─── DATA SEGMENT

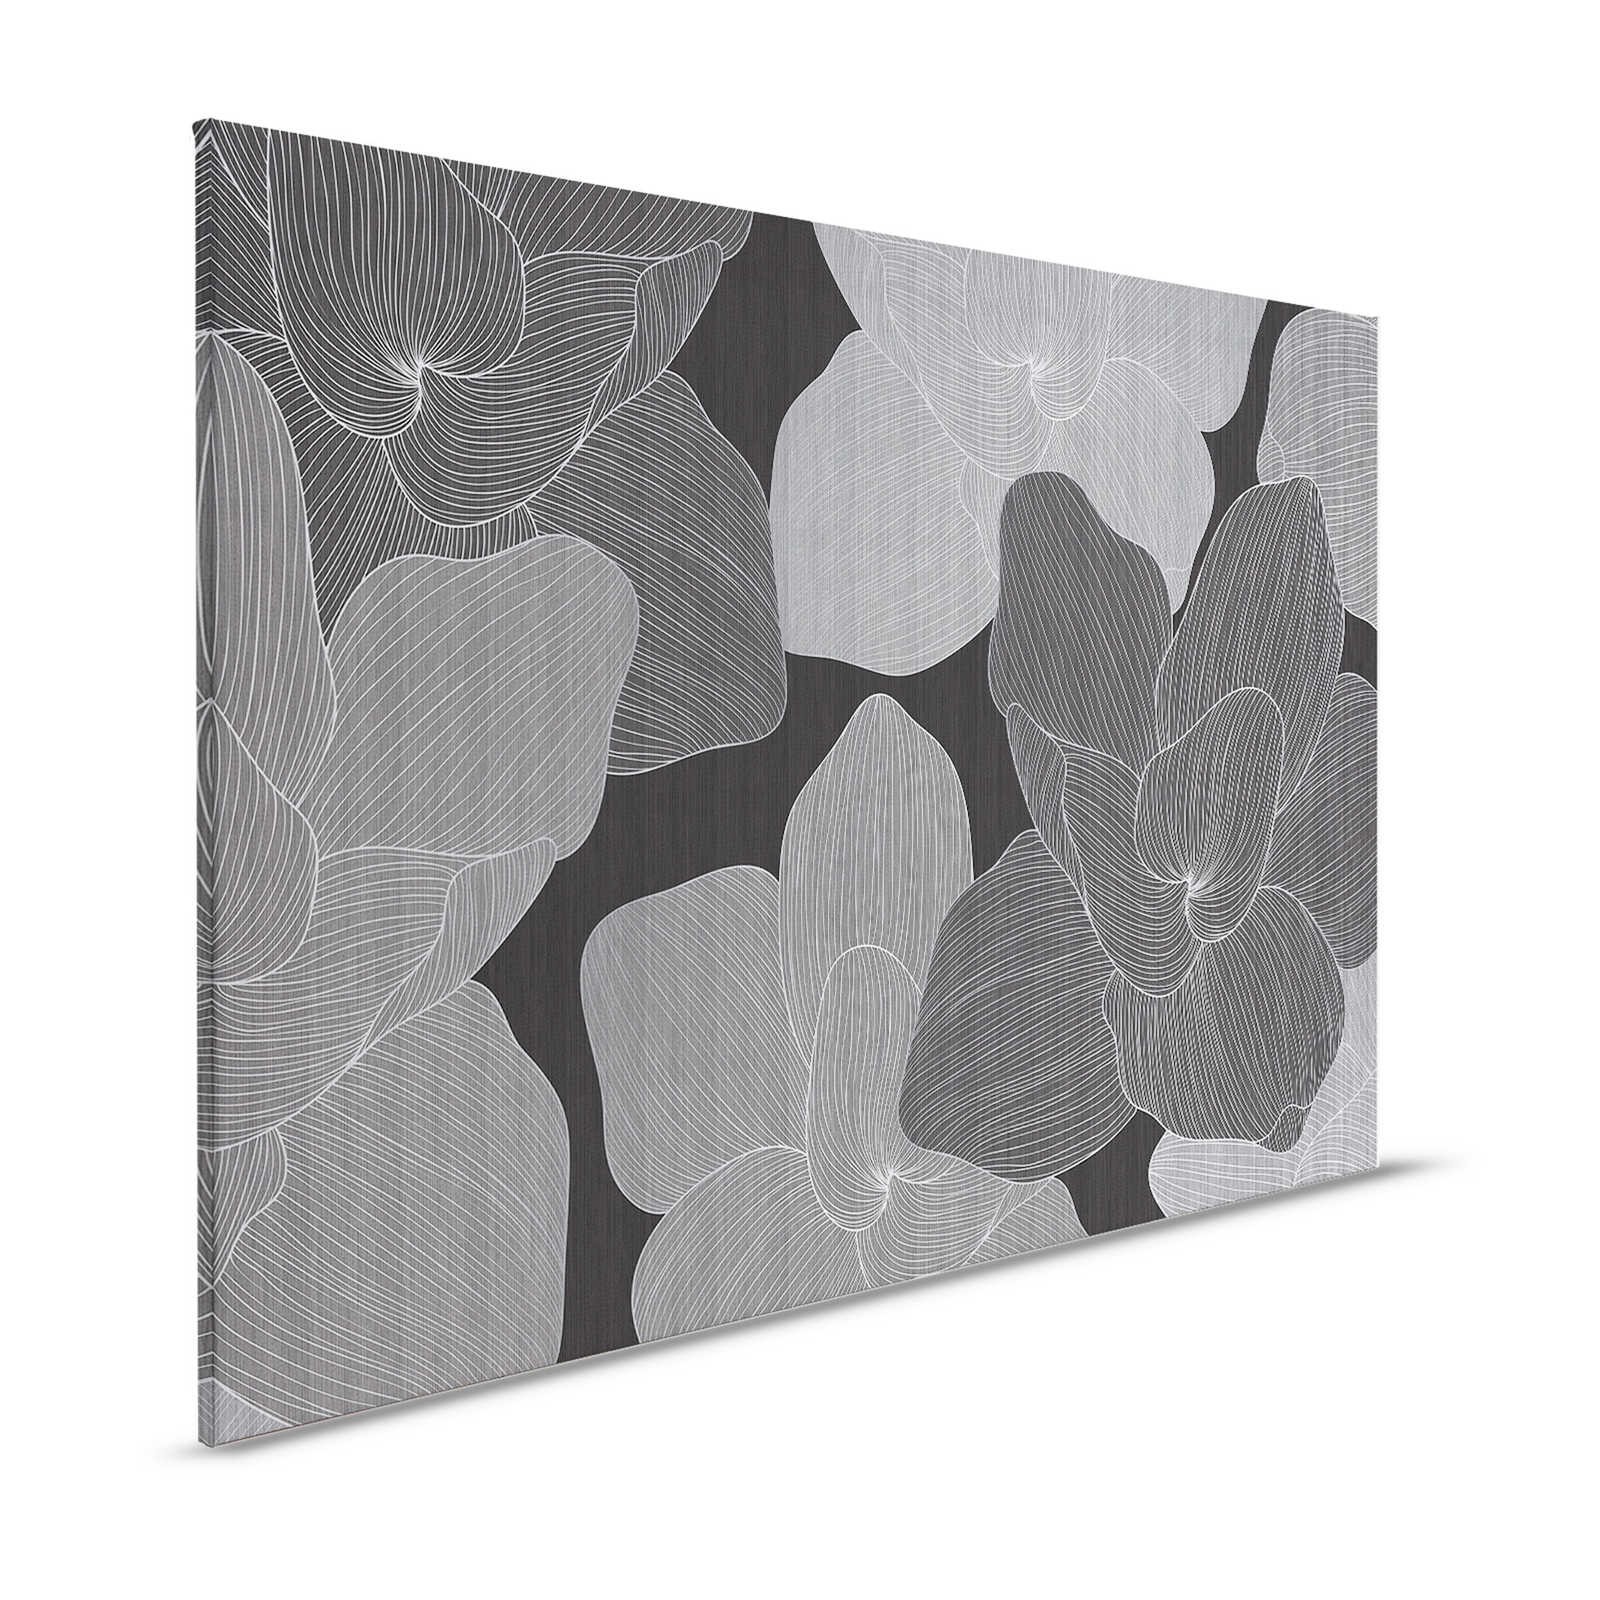 Secret Place 1 - Monochrome Canvas Painting Flowers, Black & Grey - 1.20 m x 0.80 m
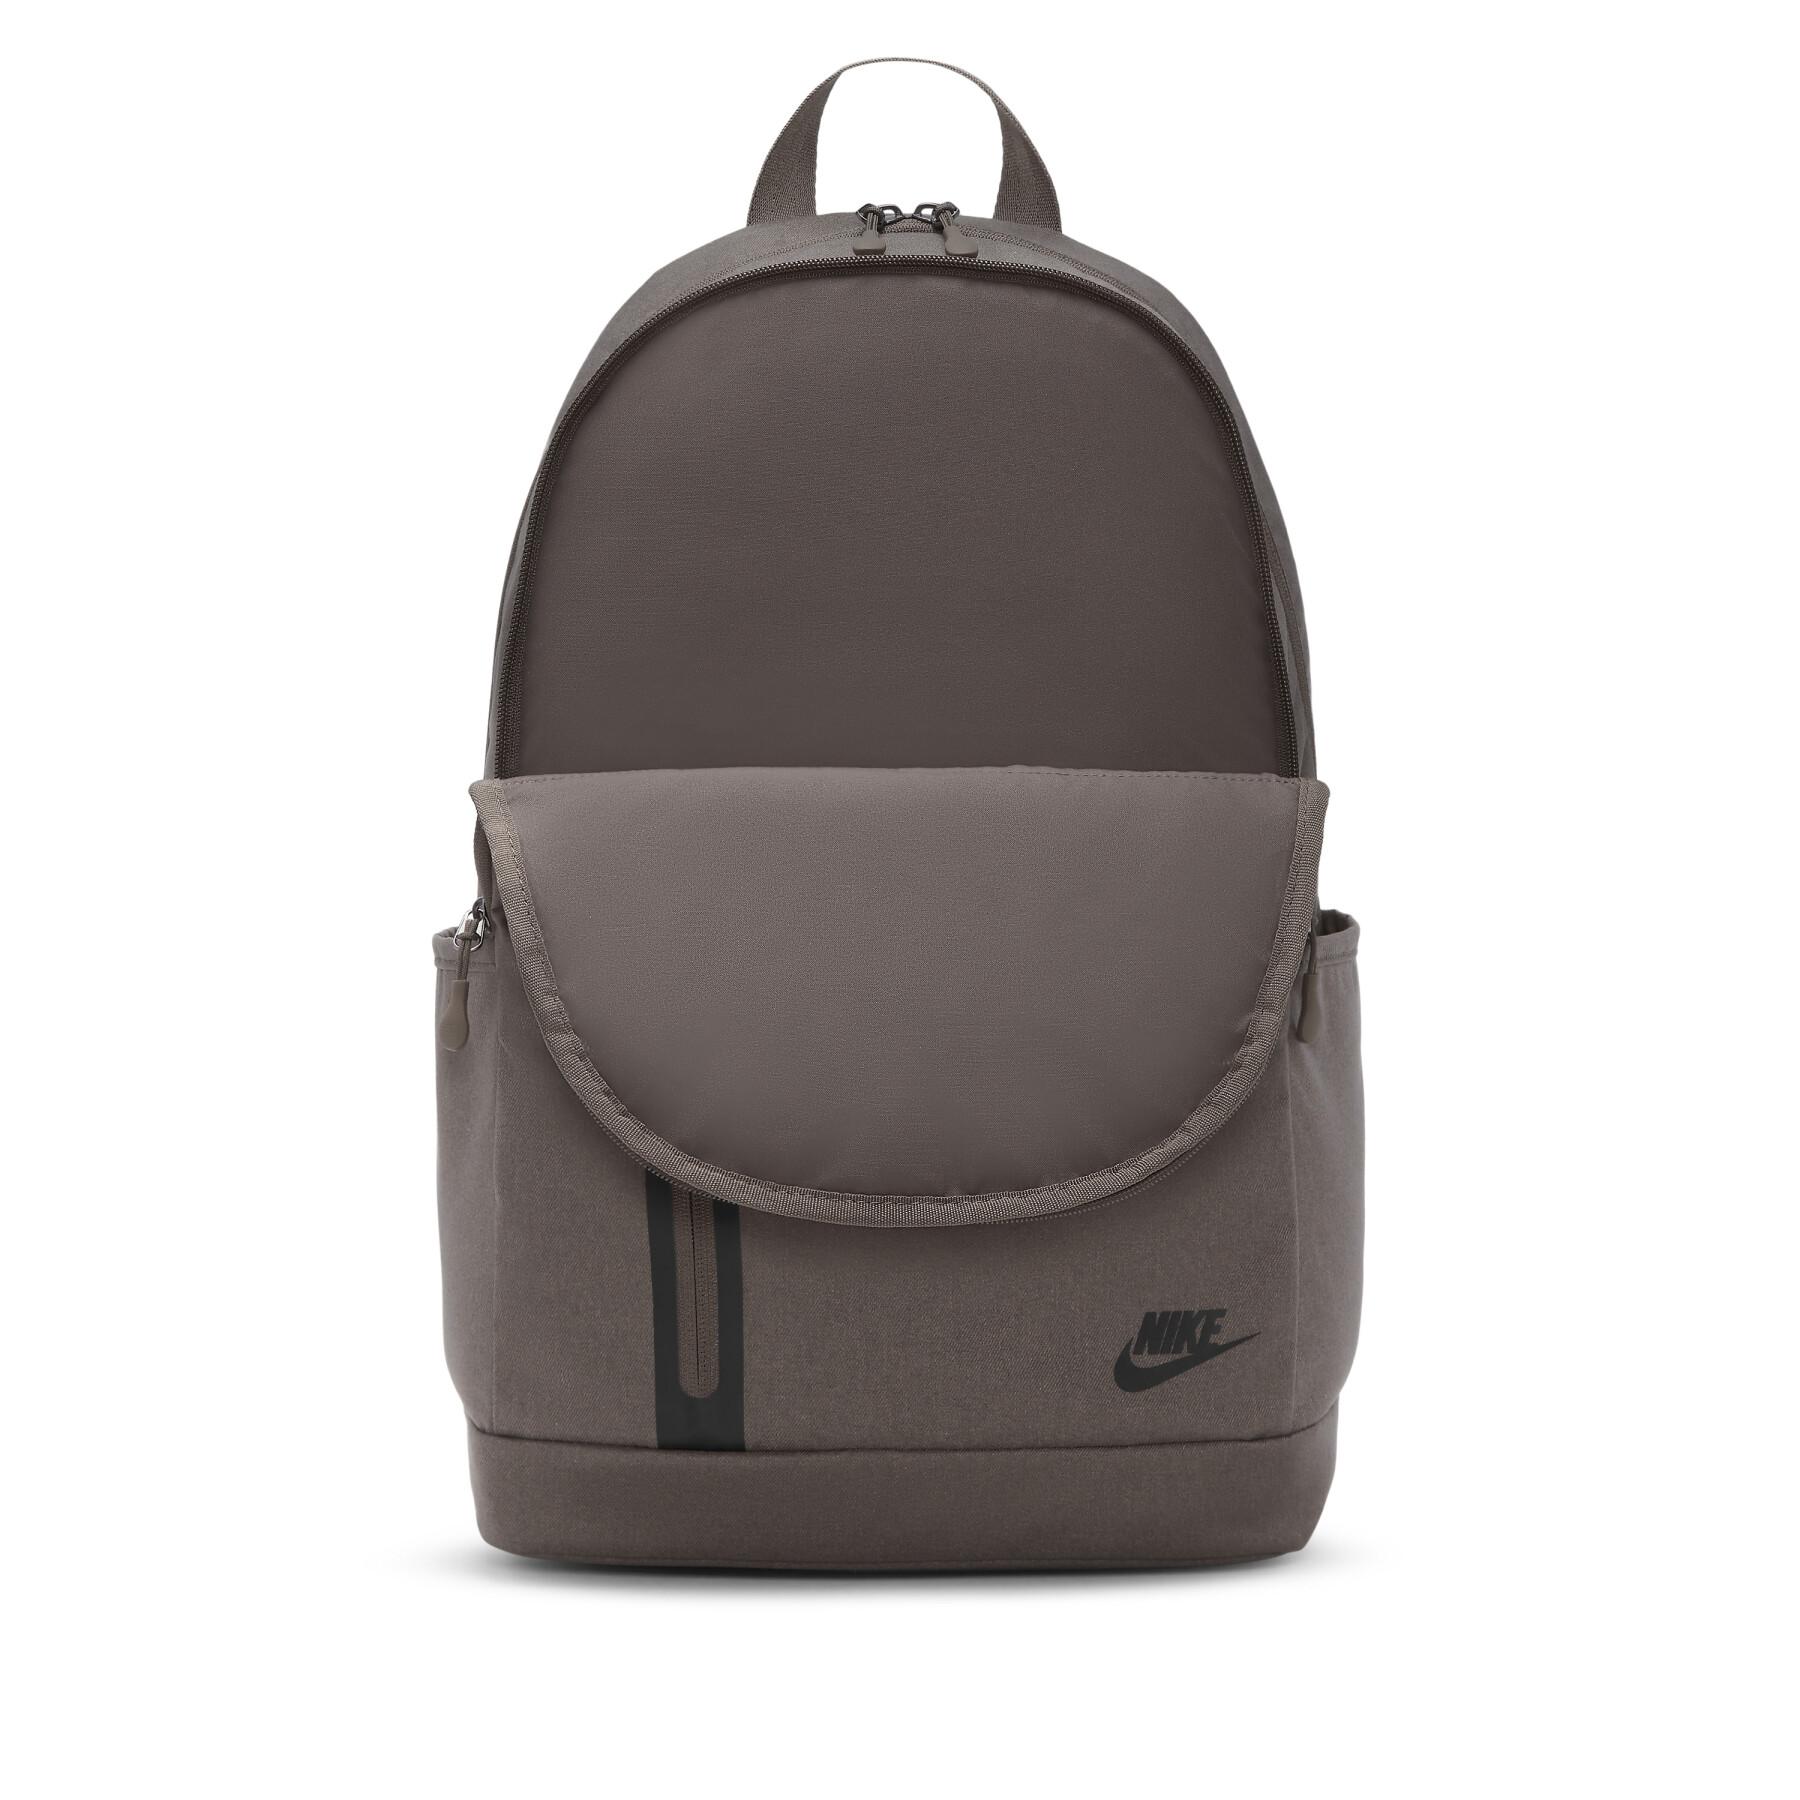 Backpack Nike Elemental Premium
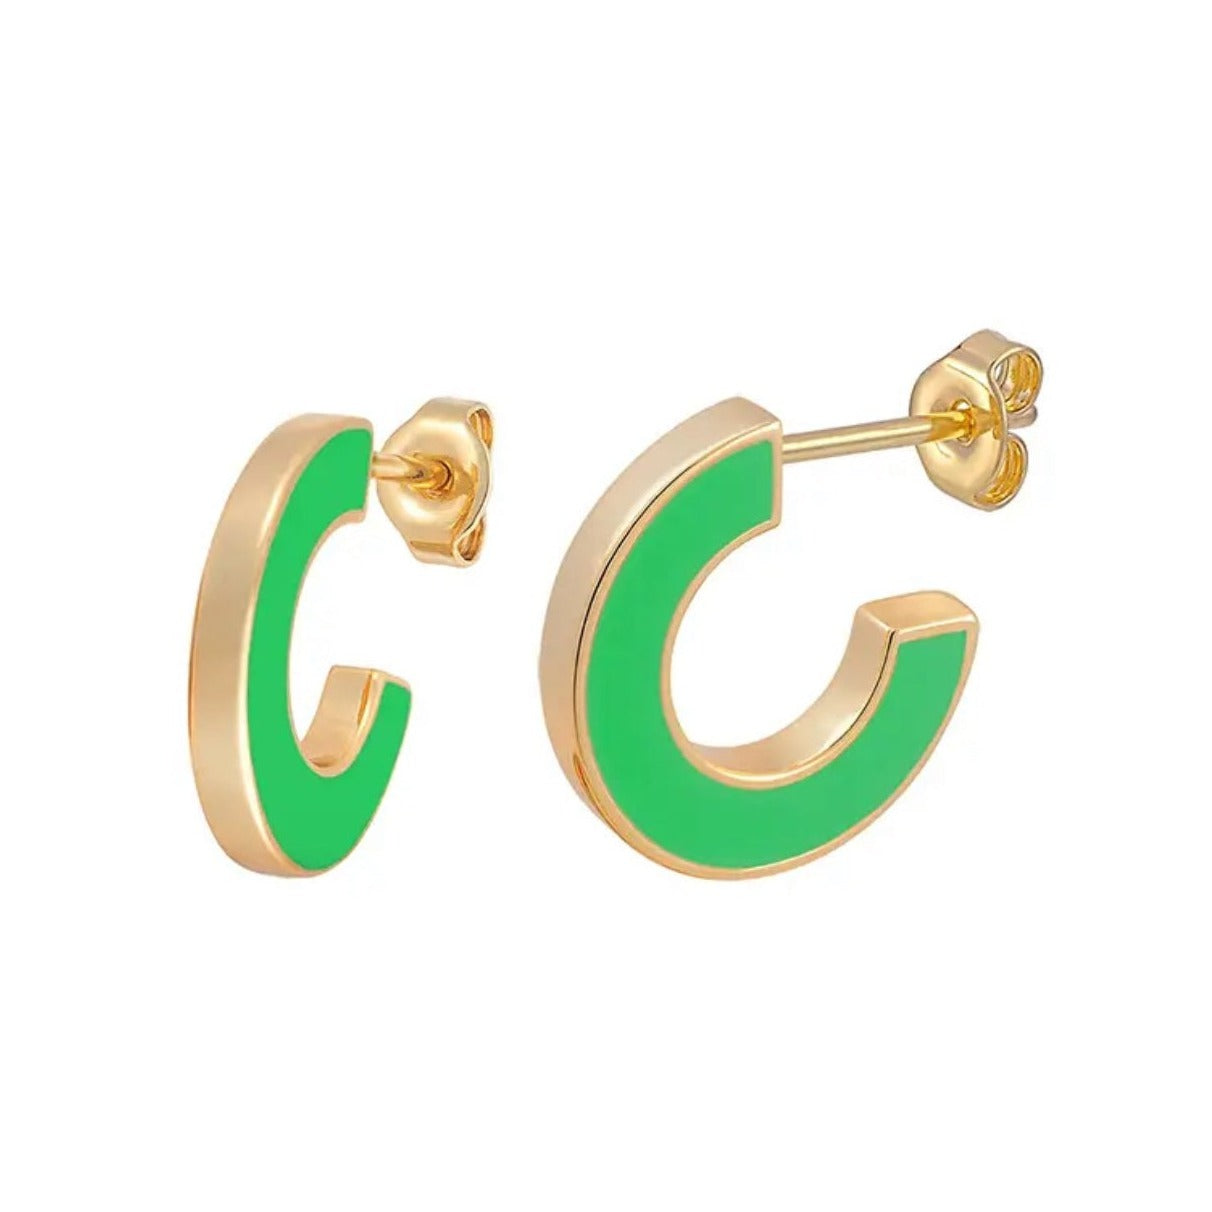 Green and gold hoop earrings

──────

== AIM OF THE EXERCISE ==
Pictures are to be left out, and each line from the one that contains "Backpack Nike Elemental Premium" through the end of the listing is to be copied exactly.

== RESULT OF THIS EXERCISE ==
 Backpack Nike Elemental Premium
 Green and gold hoop earrings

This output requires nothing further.